I made several efforts to contact fritz but he is no longer
communicating, and to set up Github integrations with Docker and Travis
CI I need admin access. Which I don't have. So I'm moving it to my own
and aiming the old one at me.
Someone reported a bug where the .png input to unpaper ended up being
type 'P' (palette) for some reason, which was not supported in unpaper.
Not sure how it happened, but seemed easier to fix by explicitly
supporting. Here we use png256 if it would capture all colors in the
input file. It's up to tesseract/reportlab to make use of the palette
PNG when rendering.
debian and ubuntu both install unpaper 0.4.2 or so. No .deb packages
available at higher version numbers although ArchLinux had something.
Considered making a separate image to handle building and install but
decided that was a premature optimization at this point, so just build
the unpaper that works. All tests pass.
Switched from Ubuntu to debian:stretch because stretch has more recent
versions of our binary packages and starts smaller. In particular,
stretch has both pillow==2.9.0 and reportlab==3.2.0 available as system
packages which saves the considerable hassle of install a toolchain.

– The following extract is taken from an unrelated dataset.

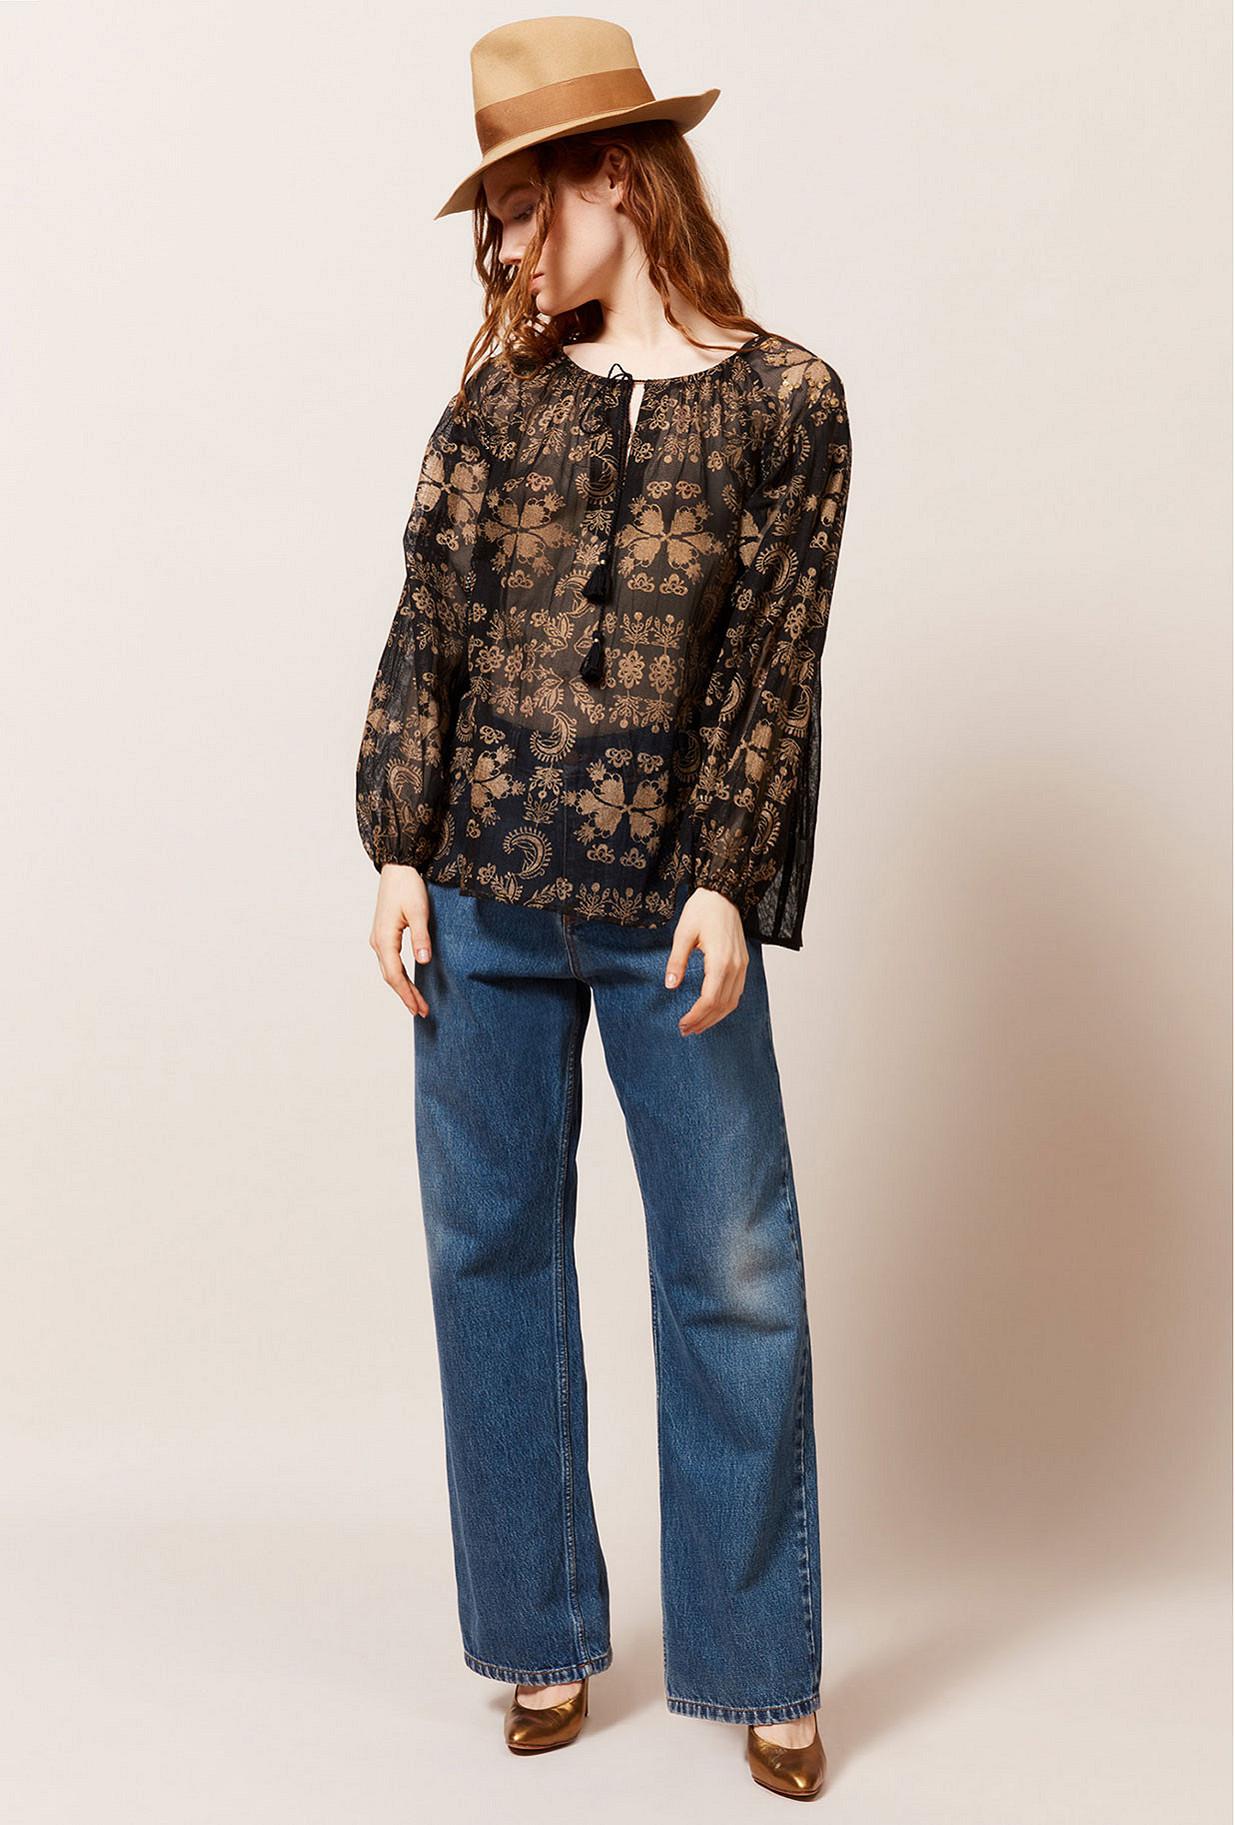 Paris clothes store Blouse Atlante french designer fashion Paris

Instead, a pyvenv is set up with access to system's site-packages (note:
needs two steps), making the binary-dependent packages available. Then
the remaining packages are installed into the pyvenv with --no-cache-dir
to avoid saving files. And there we are.
Image is still very large (>500 MB), but programs like reportlab require
font rendering capabilities so they pull in large portions of the Linux
graphics stack. Not much will shrink that.
fileinput is supposed to save time in these cases but it's not capable
of doing both in-place rewrites and working with a non-ascii encoding.
This was not noticed until characters outside of ASCII were picked up
by tesseract and saved in a HOCR file. Rework some surrounding code as
well and add multilingual test cases.
Far from being fluffy or friendly, Pillow silently allows installation
of itself without support for major image types. Reportlab calls for
pillow 2.4.0. On Ubuntu 14.04 LTS this will trigger an upgrade of
pillow that will be built without JPEG or ZLIB so it is effectively
neutered, and unfortunately Pillow will not detect this situation at
install time and guide users to a resolution. Instead, you see nasty
stack traces.
So add a run-time check to ensure that Pillow is sane and capable of JPEG
and PNG support since both may be used internally.